Background The anti-inflammatory effects of IL-1 inhibition are well established but most studies have focused on the endogenous IL-1 receptor antagonist (IL-1Ra) protein. However, IL1ra has a very short plasma half-life and hundred-fold excess over IL-1 is required to obtain a 50% inhibition of IL-1 responses. Another naturally occurring inhibitor, soluble IL-1 receptor type II (sIL-1R2) may offer a higher IL-1 neutralising activity and several studies have emphasised its potential function as a regulatory “decoy” for IL1b.
Objectives To construct soluble IL-1 receptor type II chimeric protein with an IgG heavy chain and to evaluate its therapeutic potential in a murine arthritis model using a gene therapy approach.
Methods The murine IL-1R2 extracellular domain was cloned using a RT-PCR protocol from total cytoplasmic RNA, sequenced and a chimeric expressing gene constructed by the addition of a XbaI fragment encoding the constant and hinge regions of a murine IgG1 heavy chain. The IL-1R2IgG coding insert was subcloned into an E1-deleted adenoviral shuttle expression plasmid under the control of a CMV promoter and the resulting plasmid used to construct a standard first generation E1-deleted recombinant adenovirus (Ad-sIL1R2 Ig) using standard homologous recombination techniques in 293 cells.
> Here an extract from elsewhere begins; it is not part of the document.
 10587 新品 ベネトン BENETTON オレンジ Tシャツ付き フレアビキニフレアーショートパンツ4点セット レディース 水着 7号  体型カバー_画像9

Stock viral preparations were produced in 293 cells and purified by ultracentrifugation in two CsCl2 gradients. Viral titer (pfu/ml) was determined by plaque-assay. An EGFP (enhanced green fluorescent protein) expressing recombinant adenovirus (Ad-EGFP) was prepared using a similar protocol. Expression was confirmed by Western blotting using transient expression on HeLa cells under serum free-conditions.
The therapeutic effects of this approach was tested in the acute murine antigen-induced arthritis model (AIA).
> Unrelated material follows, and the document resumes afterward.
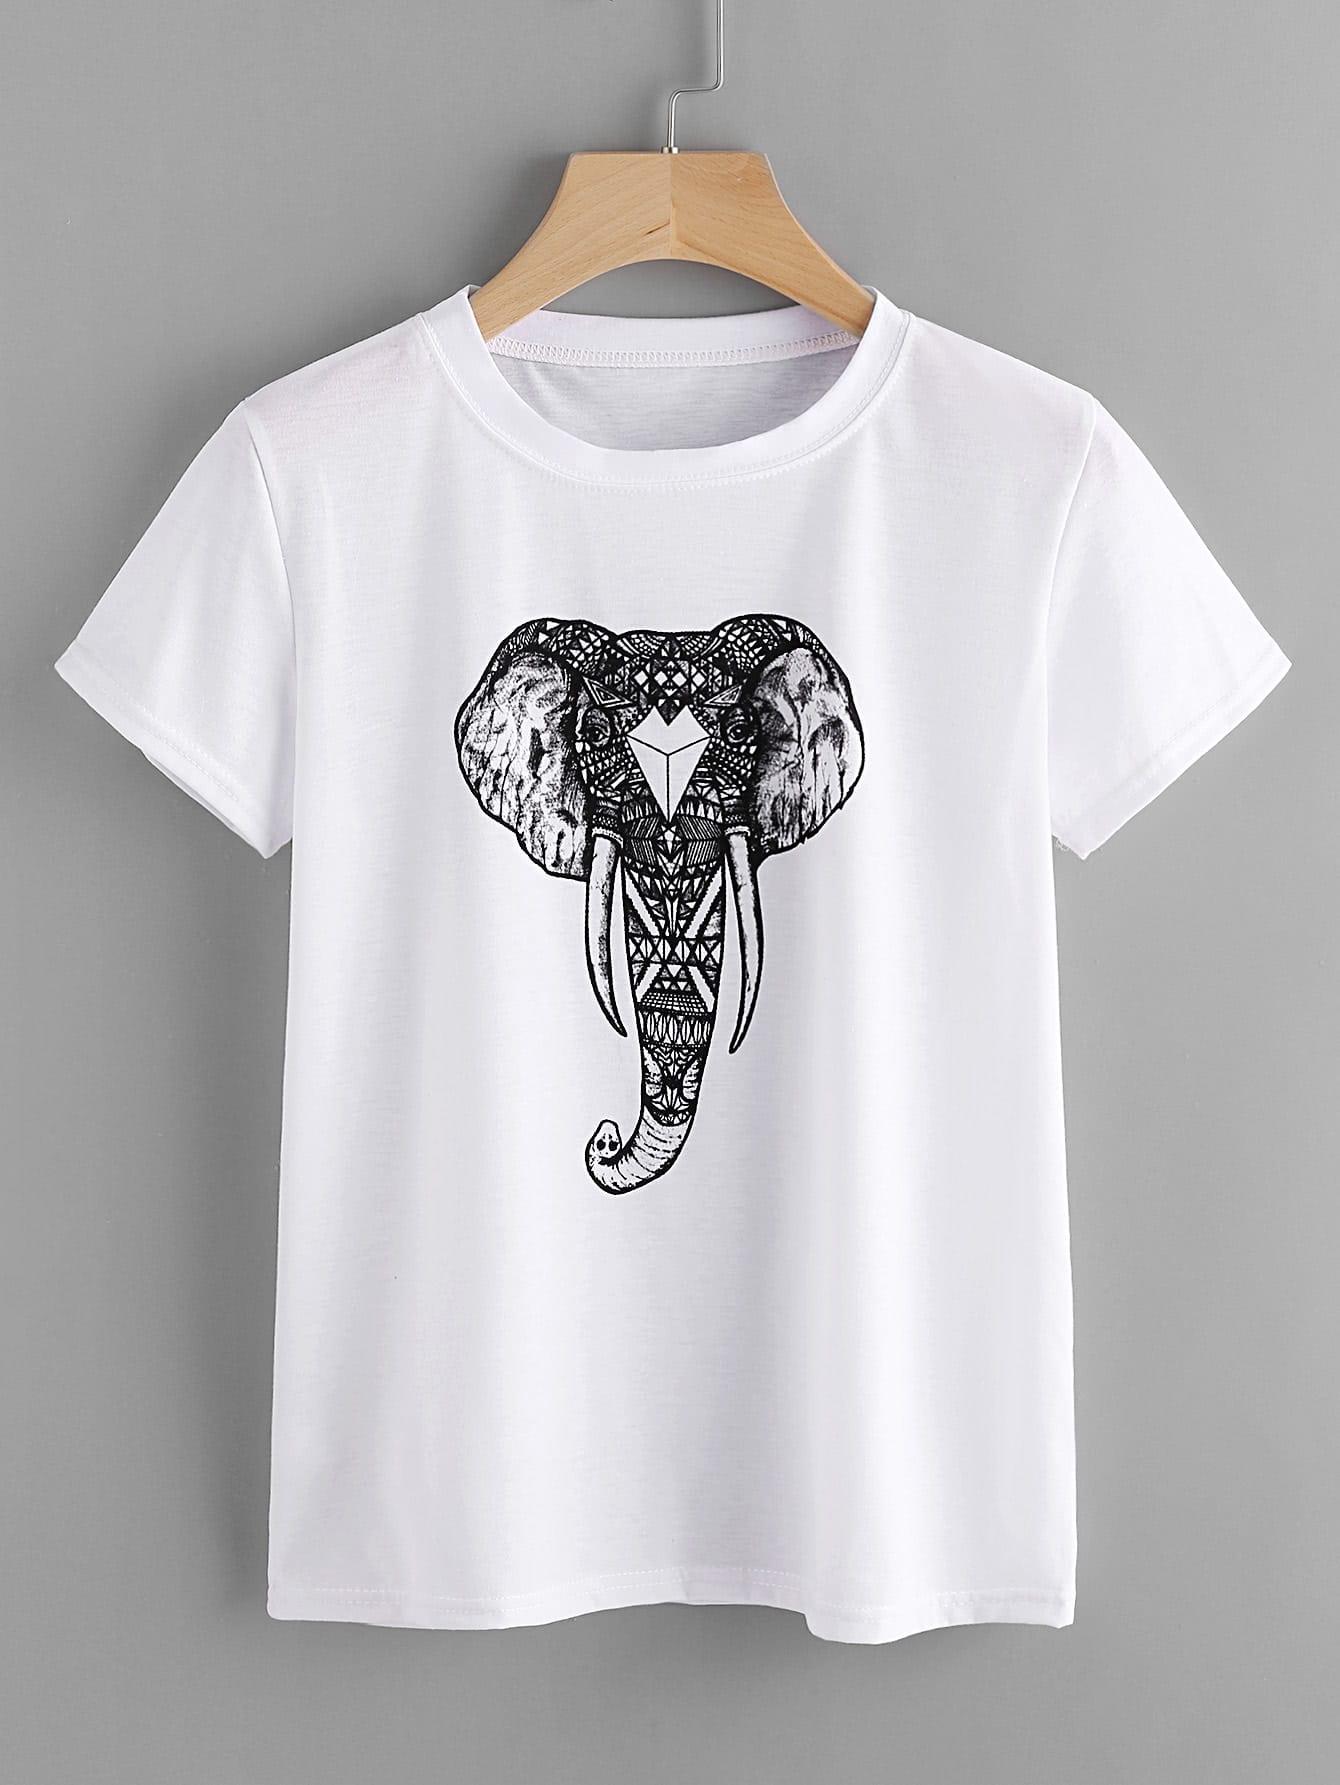 все цены на Ornate Elephant Print Tee

Results Western blotting under reducing and nonreducing conditions confirmed expression and dimerization of the chimeric protein. More importantly, adenovirus-mediated systemic expression of sIL1R2 Ig suppressed acute inflammation in vivo in murine AIA. Mice were injected into the tail vein with 109 pfu Ad-sIL1R2Ig or Ad-EGFP three days before induction of arthritis by intraarticular injection of 100μg mBSA into the right knee. The left knee was injected with PBS as a control. Joint inflammation determined by 99technetium pertechnetate uptake69 was statistically significantly decreased at day 3 and 7 post-injection in animal treated with Ad-sIL1R2 Ig as compared to Ad-EGFP (10 animals per group, 2 experiments) but proteoglycan depletion of cartilage did not appear to be diminished.
Conclusion Our study demonstrated the value of a soluble IL1R2Ig chimeric protein has a IL1 inhibitor in vivo. It also demonstrated adenovirus-mediated gene expression allow for sufficient level of expression. But our preliminary data also raise new questions of the respective values and roles of IL1 or TNFa inhibition regarding acute inflammation and cartilage degradation.